蛙と蝸牛

本の感想。ときどき競艇の話。

何もしていない時

2007年04月20日 | Weblog
かなり昔に、確か別役実さん(だったと思うのです)が、エッセイで以下のような主旨のことを書いていらっしゃったような記憶があります。
“煙草とコーヒーとミステリ(の本)の3つで一つである。煙草をすいながらコーヒーを飲みつつミステリを読んでいる時、私は何も考えず、何も行わない状態になれる。3つのうち一つでも欠けてはいけない。日常においてそのような状態になれるのは、このシチュエーションしかなく、私にとって貴重な時間である。”
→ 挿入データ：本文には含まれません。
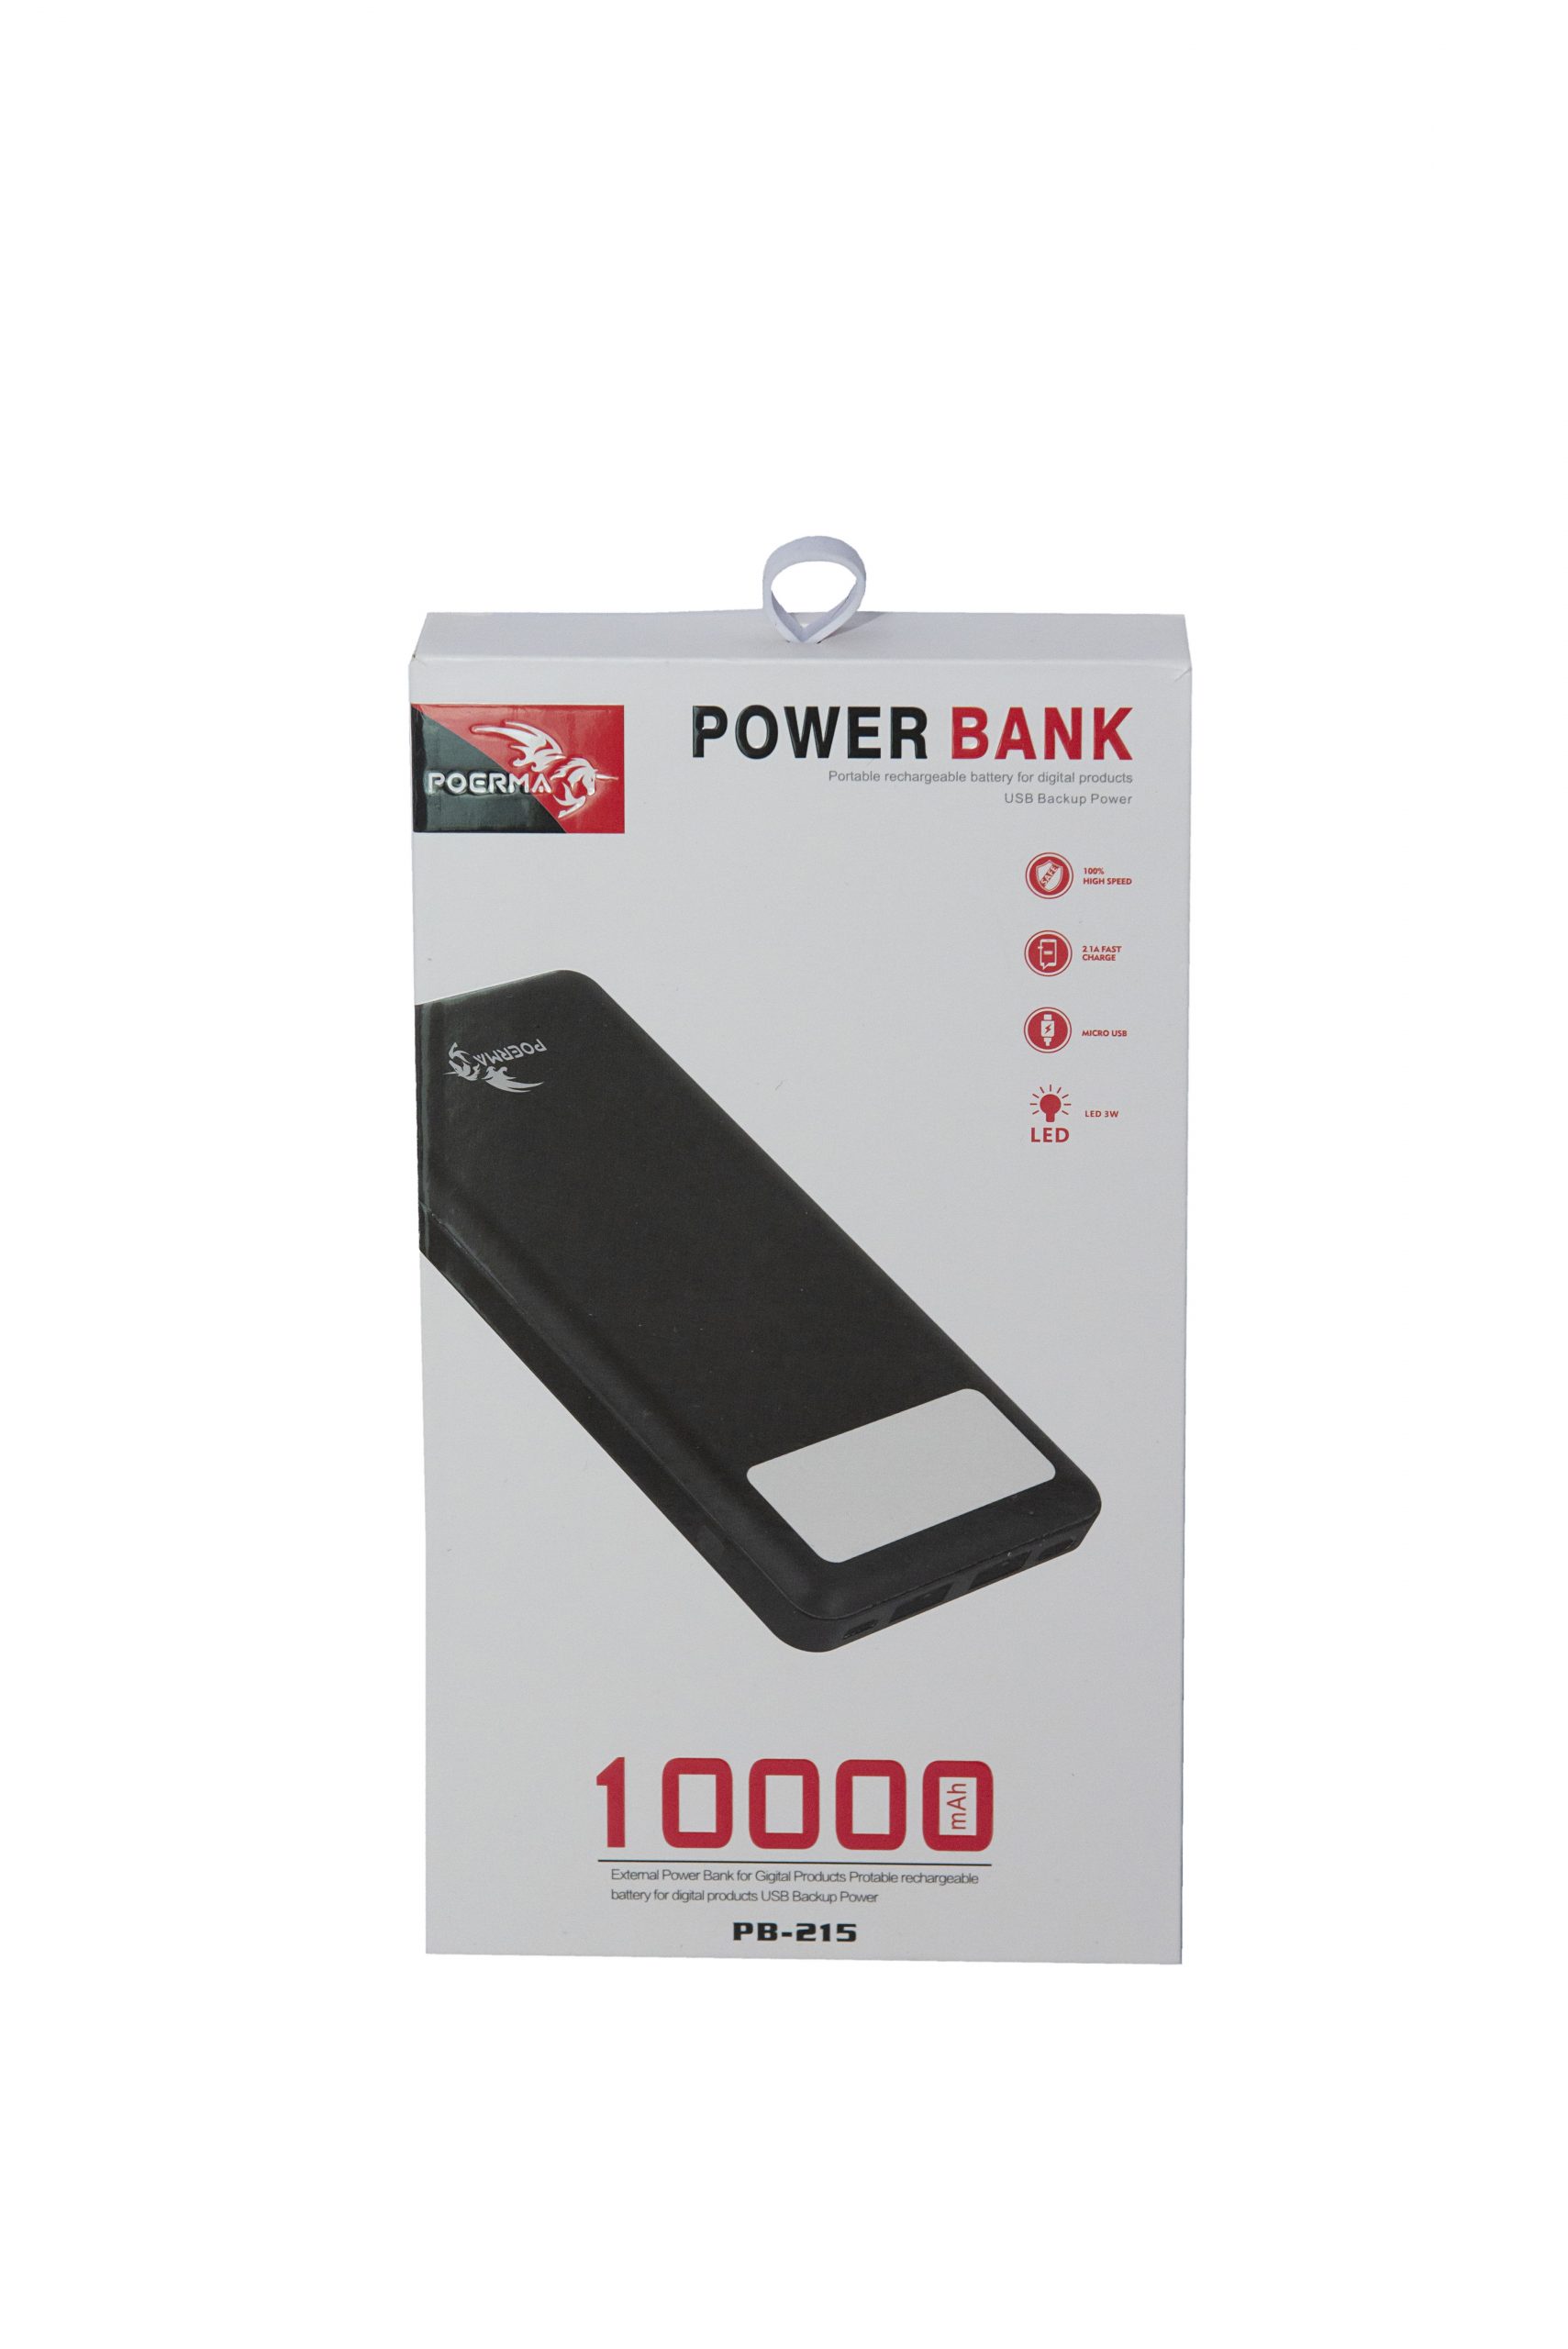 Powerbank_PB15_BOX VIEW

当時はこのエッセイの真意を十分には理解できていなかったように思います。

近頃、私も本を読んでいる時に“何も考えず、何も行わない状態”になる(というか意識的にそういう状態になれる)ことが多くなりました。
面白い本を読んでいると、気持ちがこの世から離れて本の世界に移っていくような気がする体験はだれにでもあるのではないでしょうか。

私は、本を読むこと以外に有効なひまつぶしの方策をしらないので、空いた時間には寸暇を惜しんで(?)本を読みます。長年そうしたことが習慣になっているせいで、最近ではおもしろくない本でも読み続けているうちに意識をあらぬ方向へもっていってしまう(うまく表現できませんが、本の内容を考えたり味わったしているわけではなく、そうかといって他のことを考えているわけでもない状態。つまり“何も考えず、何も行わない状態”)ことができるようになりました。そして、そのような時間を持てることが、読書の大きな楽しみの一つなのだろうと考えています。